= Joseph Hazzaya =

Syriac Christian writer and mystic (born c. 710)

Joseph Hazzaya (ܝܘܣܦ ܚܙܝܐ; born c. 710) was an 8th-century Syriac Christian writer, ascetic and mystic. The nickname Hazzaya means 'the seer' or 'the visionary'. He belonged to the Church of the East.

The main source of biographical information on Joseph is the Book of Chastity of Isho'dnah of Basra, written a century or so after his death. He was born to a Persian family of Zoroastrian religion in the village of Nimrud about 710. During the reign of the Caliph Umar II (717–720), the villagers rebelled and the seven-year-old Joseph taken captive by the caliph. He was sold as a slave to an Arab in Sinjar, who later sold him to a Christian from Qardu. There, Joseph became familiar with the ascetic life of the monks of the monastery of John of Kamul. He requested to be baptized and was freed by his owner in order to enter the monastery of Abba Sliba as a novice. His brother also converted to Christianity and took the name Abdisho.

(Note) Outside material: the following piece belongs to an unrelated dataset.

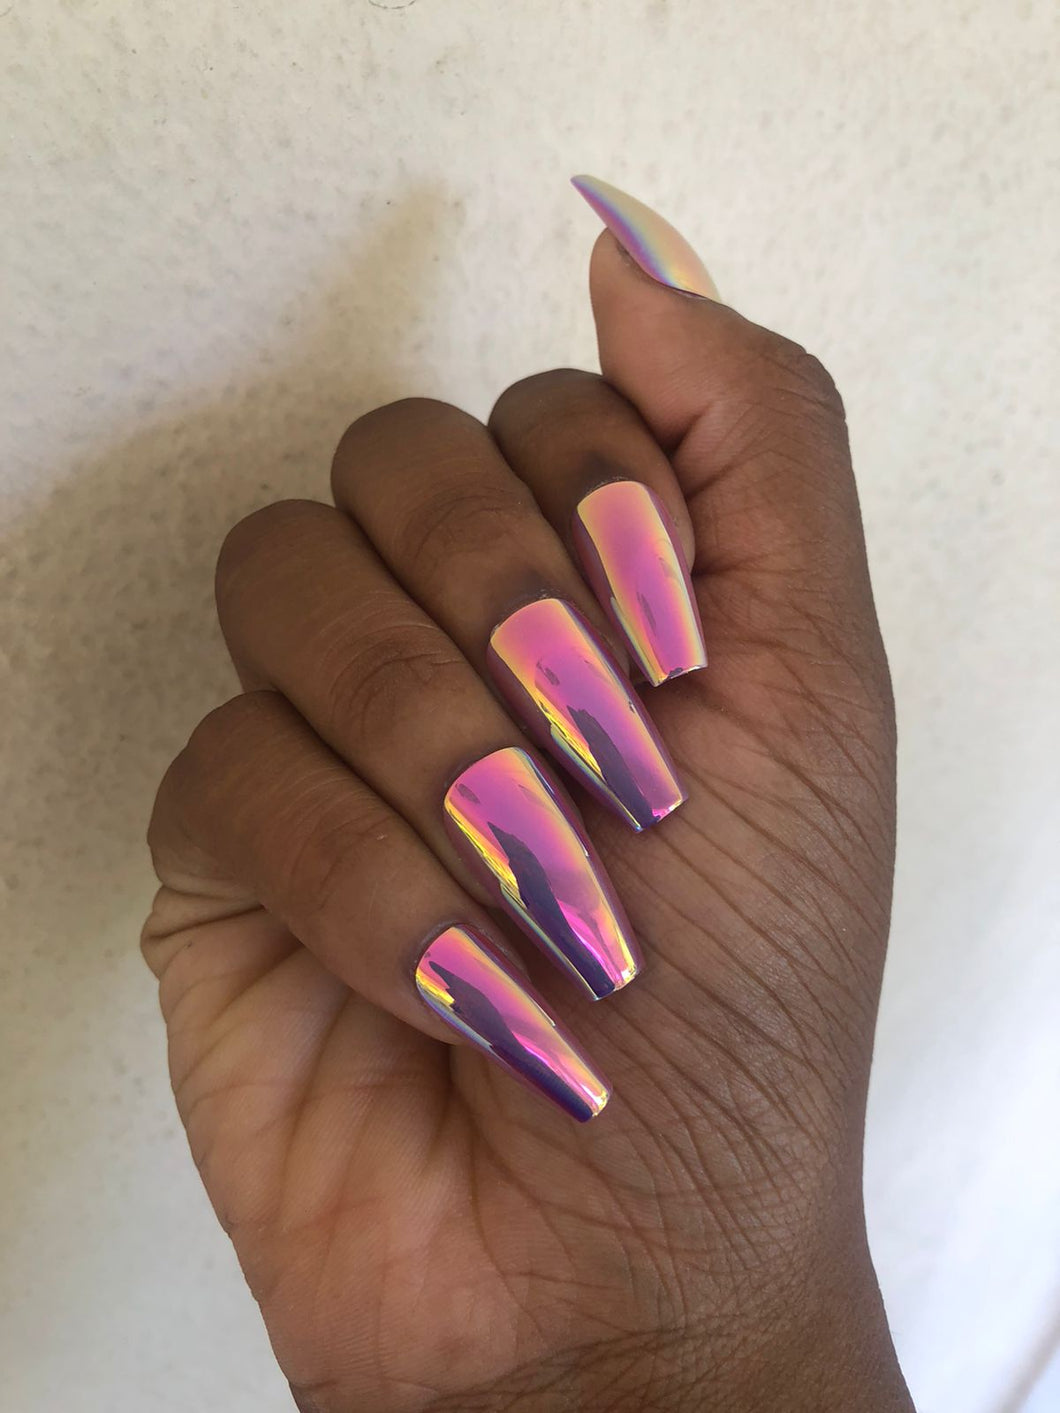 “Diva” - Cosmic press on nails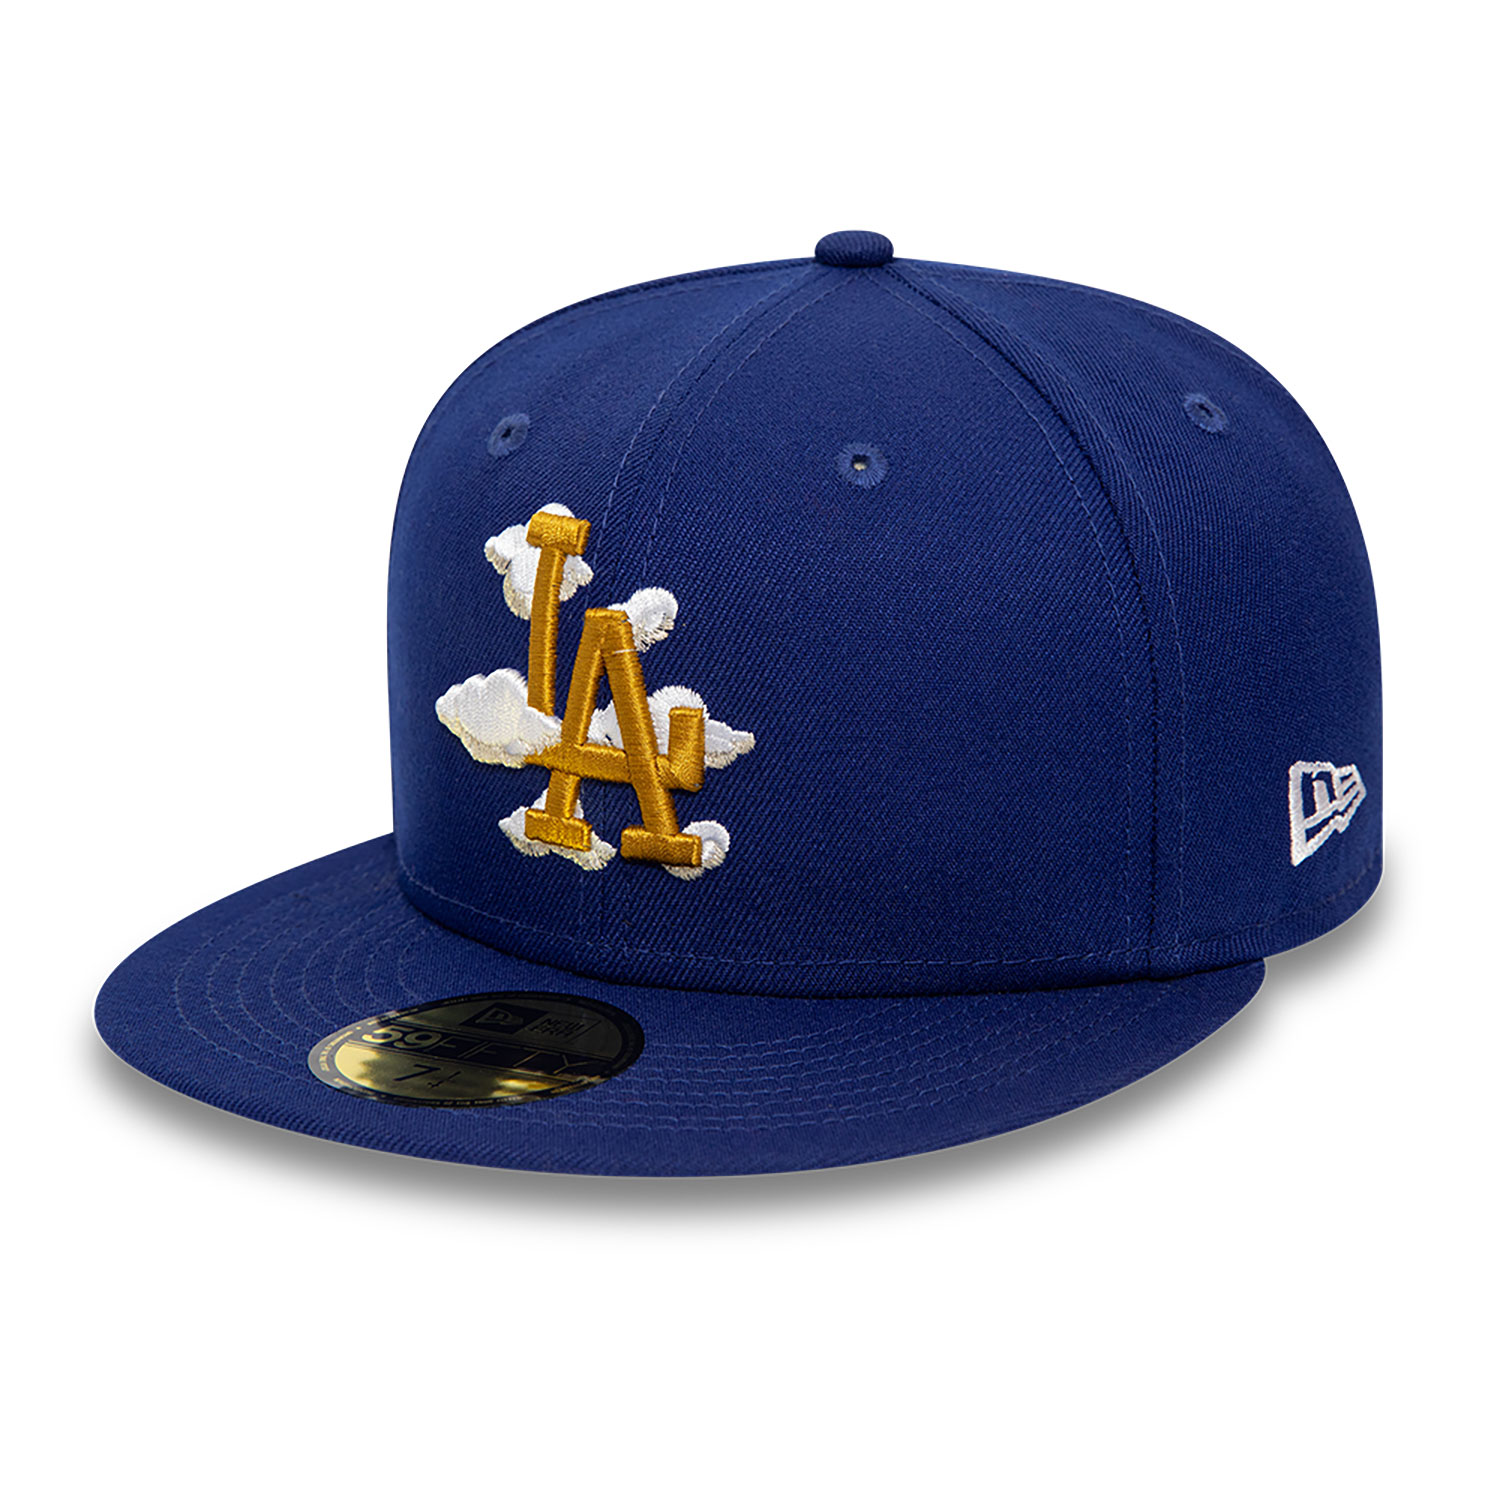 LA Dodgers Team Cloud Blue 59FIFTY Fitted Cap

At the end of his novitiate, Joseph moved back to Qardu and lived as a hermit for some years. He then became the abbot of the local monastery of Mar Bassima, before moving to Mount Zinai in Adiabene to resume the life of a hermit. Again, he was persuaded to become the abbot of the local monastery of Rabban Bakhtisho. He continued in this office until his death.

Abdisho bar Berika claimed that Joseph wrote 1,900 treatises, but only ten were extant in Abdisho's time. He is generally regarded as a systematizer of the mystic and ascetic practices of the Church of the East. His most systematic work, A Letter on the Three Stages of the Monastic Life, is misattributed to Philoxenus of Mabbug in the manuscripts. Like Philoxenus, Joseph taught that the monastic life fosters the charismatic gifts. He belonged to the same theological family as Isaac of Nineveh, Simon of Taibuteh and John of Dalyatha. He was the first to synthesise the three contemplations of the Hellenistic scholar Evagrius Ponticus (4th-century) with the tripartite division of the Syriac John of Apamea (5th century). Among his other works are the treatise On the Divine Essence, the Chapters of Knowledge and the Book of Questions and Answers. Many of his works, such as the Treatise on the Workings of the Grace of God, are erroneously transmitted under his brother's name.

At a synod held in 786–787 or 790, the Patriarch Timothy I condemned Joseph Hazzaya and two other ascetic authors, John of Dalyatha and John the Solitary, for heresy. According to Timothy, Joseph rejected prayer and the divine office as impediments to receiving the charismatic gifts. He also supposedly slipped into Messalianism, claiming that a gmirā (person who had achieved perfection) did not need prayer, the office, scripture reading or manual labour. These charges are not substantiated by any of Joseph's surviving writings, but David Wilmshurst considers them unsurprising if Joseph claimed to be a "privileged recipient of divine revelation" as his nickname implies.

The date of Joseph's death is unknown. Karl Pinggéra believes he was alive at the time of the synod, but Micheline Albert believes he was already dead by then.